Le droit d’asile est un droit fondamental garanti par le droit international. " Devant la persécution, toute personne a le droit de chercher asile et de bénéficier de l’asile en d’autres pays ", rappelle l’article 14 de la Déclaration universelle des Droits de l’Homme. Or, l’accord entre l’UE et la Turquie représente une attaque sans précédent contre ce droit humain. En effet, il externalise l’octroi de l’asile à la Turquie et remet ainsi en question l’obligation légale des États d’accorder l’asile aux personnes fuyant la persécution, telle que définie par la Convention de Genève.

Un effet domino

Le 7 juin, la Commission européenne a révélé une nouvelle proposition qui vise à reproduire la logique de l’accord entre l’Union européenne et la Turquie avec plus de 16 autres pays dans l’objectif de contrôler les flux migratoires. Cela inclut l’Erythrée, la Somalie, le Soudan et l’Afghanistan, quatre des dix pays qui produisent le plus grand nombre de réfugiés dans le monde. Cela signifierait enfermer les gens dans les pays mêmes qu’ils cherchent désespérément à fuir. L’Union européenne projette également de coopérer plus étroitement avec la Libye, au risque de favoriser les mauvais traitements endémiques et la détention pour une durée indéterminée, dans des conditions terribles, que subissent des milliers de réfugiés et de migrants.

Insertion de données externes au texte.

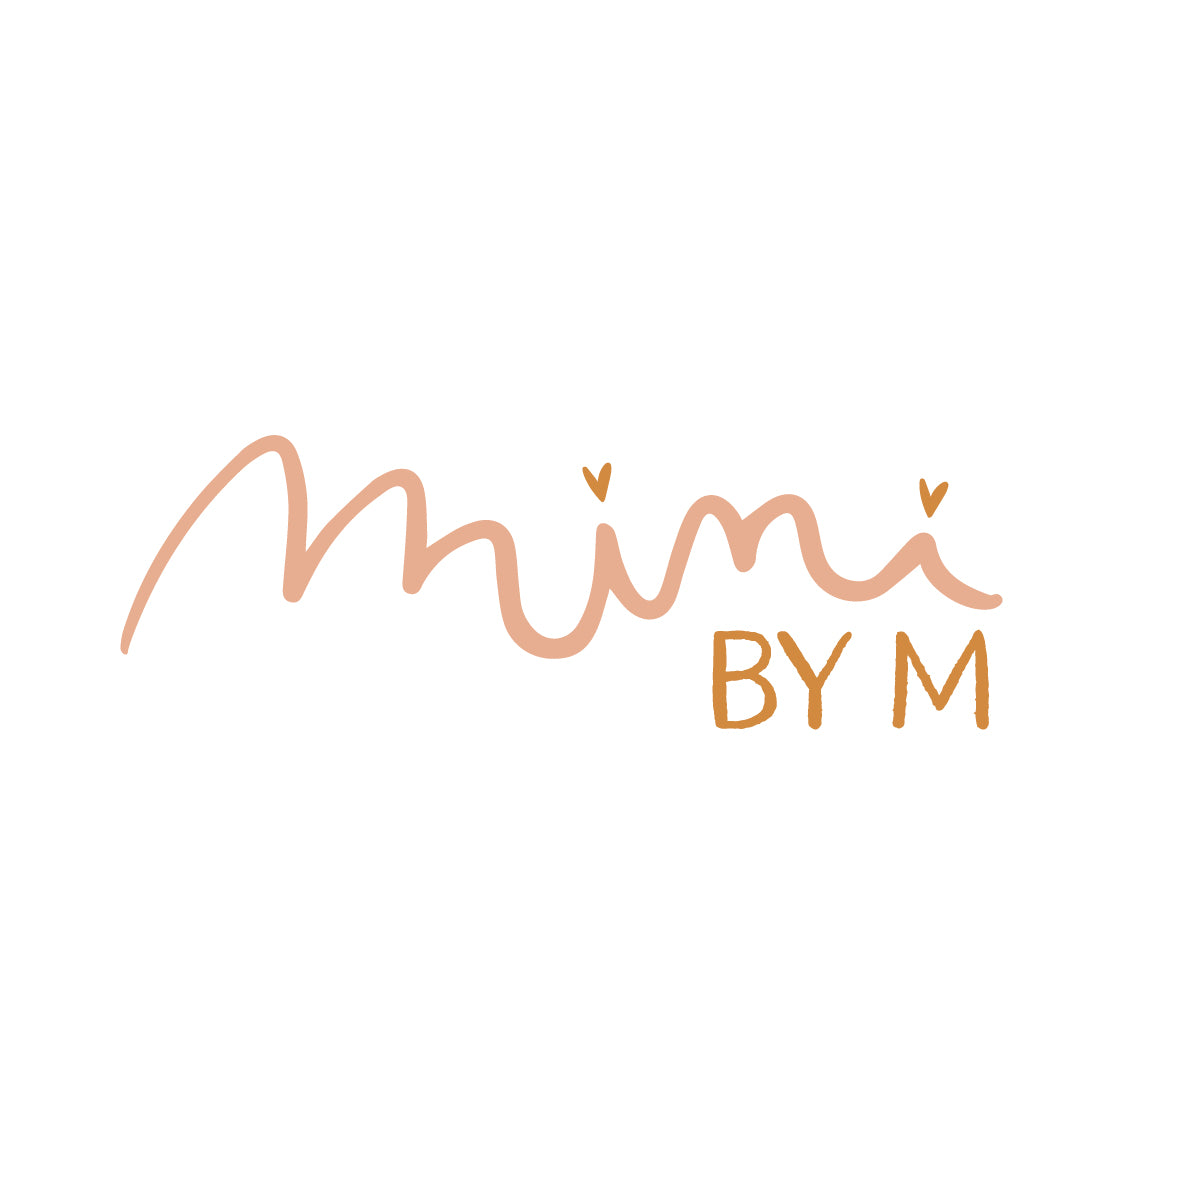 Mini by m

Au lieu d’encourager le partage des responsabilités face à une crise migratoire internationale, ce nouveau plan d’action envoie un mauvais signal à toute la communauté internationale. L’approche restrictive de l’UE a déjà été citée par le Kenya – un pays avec une longue histoire dans l’accueil des réfugiés – pour justifier la fermeture du plus grand camp de réfugiés du monde à Dadaab. Cela impliquerait l’envoi de 330.000 personnes en Somalie, un pays en guerre.

Changeons de cap en 2016

AI et MSF appellent l’UE et ses États membres à changer radicalement leur politique envers les demandeurs d’asile, les réfugiés et les migrants et d’abandonner leur politique de dissuasion. " Au lieu de cacher la souffrance au large des côtes, en dehors des frontières de l’Europe, les gouvernements européens et l’UE devraient accueillir les personnes de telle sorte qu’elles aient au moins une réelle opportunité de demander l’asile ", déclare David Pereira, Président d’AIL.

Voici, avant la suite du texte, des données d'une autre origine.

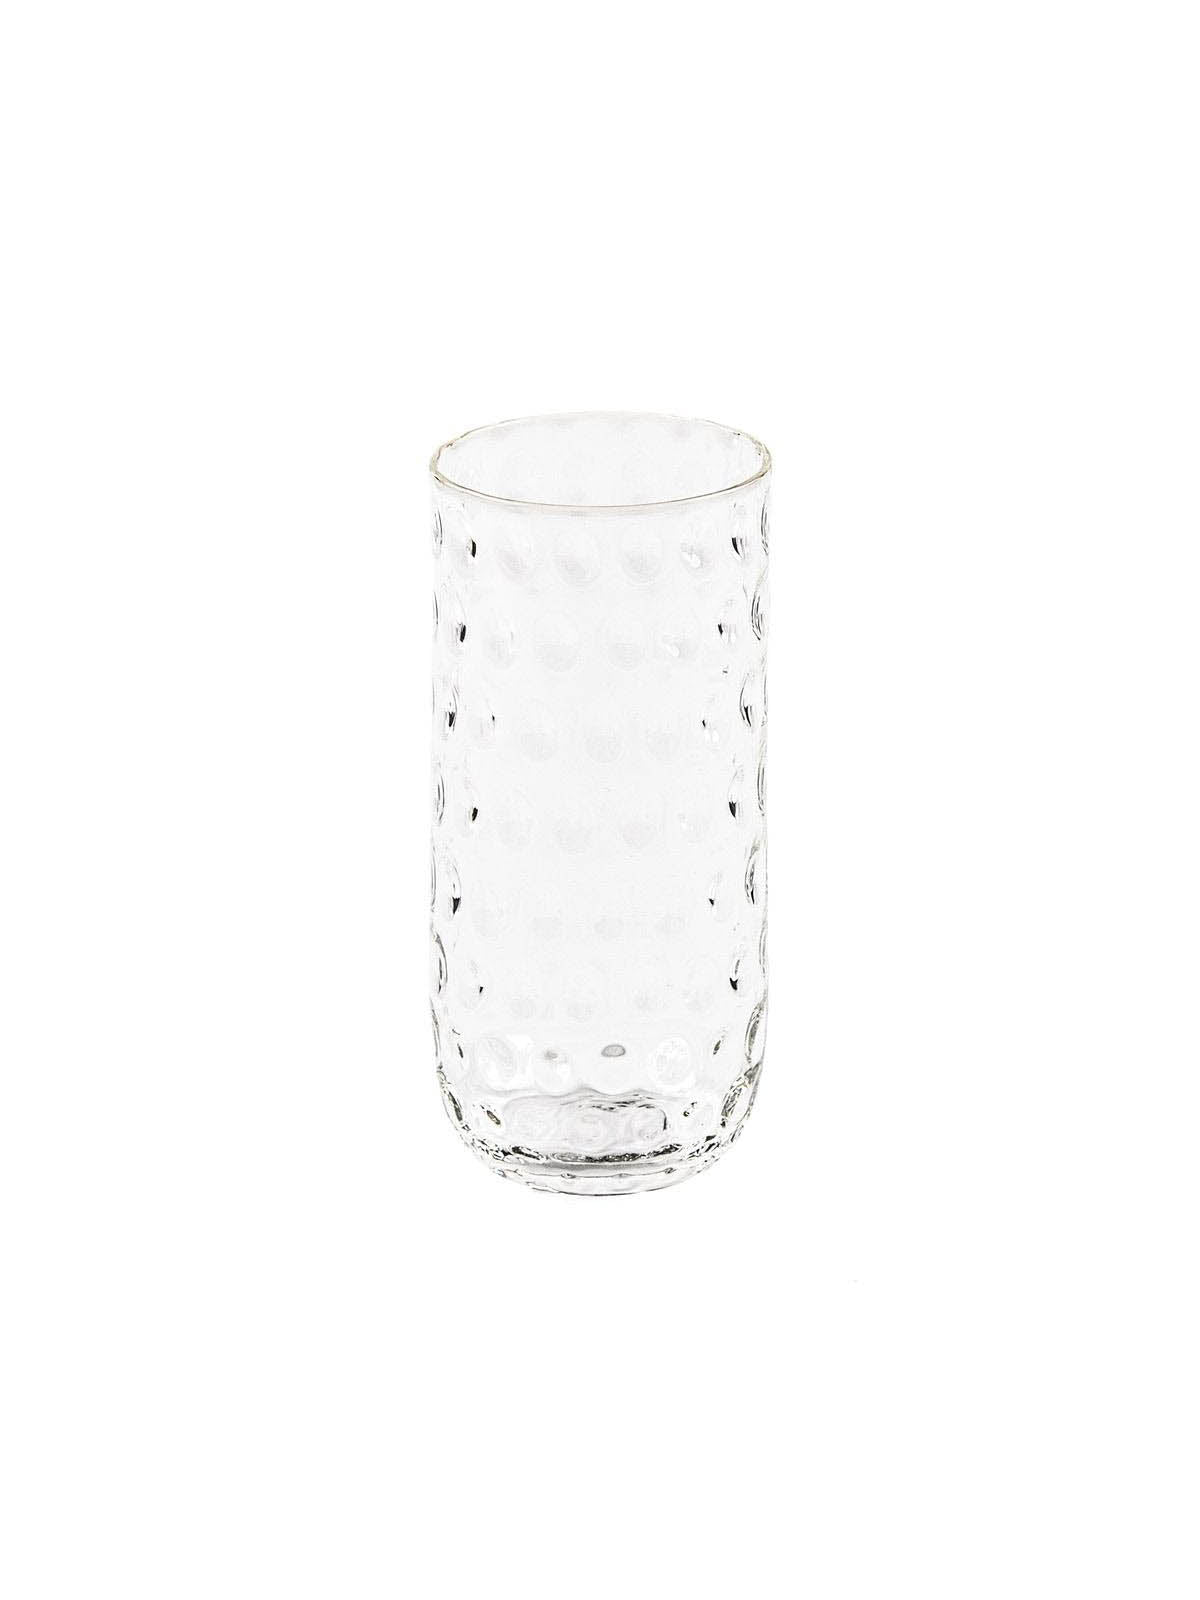 Vandglas i glas H15xD7cm

Pour ce faire, il est nécessaire d’améliorer les conditions de parcours des demandeurs d’asile à travers la création de voies migratoires légales et sécurisées comme par exemple les réunifications familiales, les visas humanitaires, la simplification des demandes de visas ainsi que les programmes de réinstallation et relocalisation.

Dans ce contexte, les deux organisations appellent le gouvernement luxembourgeois à dénoncer publiquement l’accord entre l’UE et la Turquie et à ne pas soutenir des accords qui risqueraient d’alimenter des violations des droits humains et instrumentaliseraient l’aide humanitaire au profit du contrôle des frontières. Le Luxembourg devrait également montrer un engagement fort en faveur de l’établissement de voies sûres et légales qui permettraient aux personnes en besoin de protection de rejoindre un lieu sûr.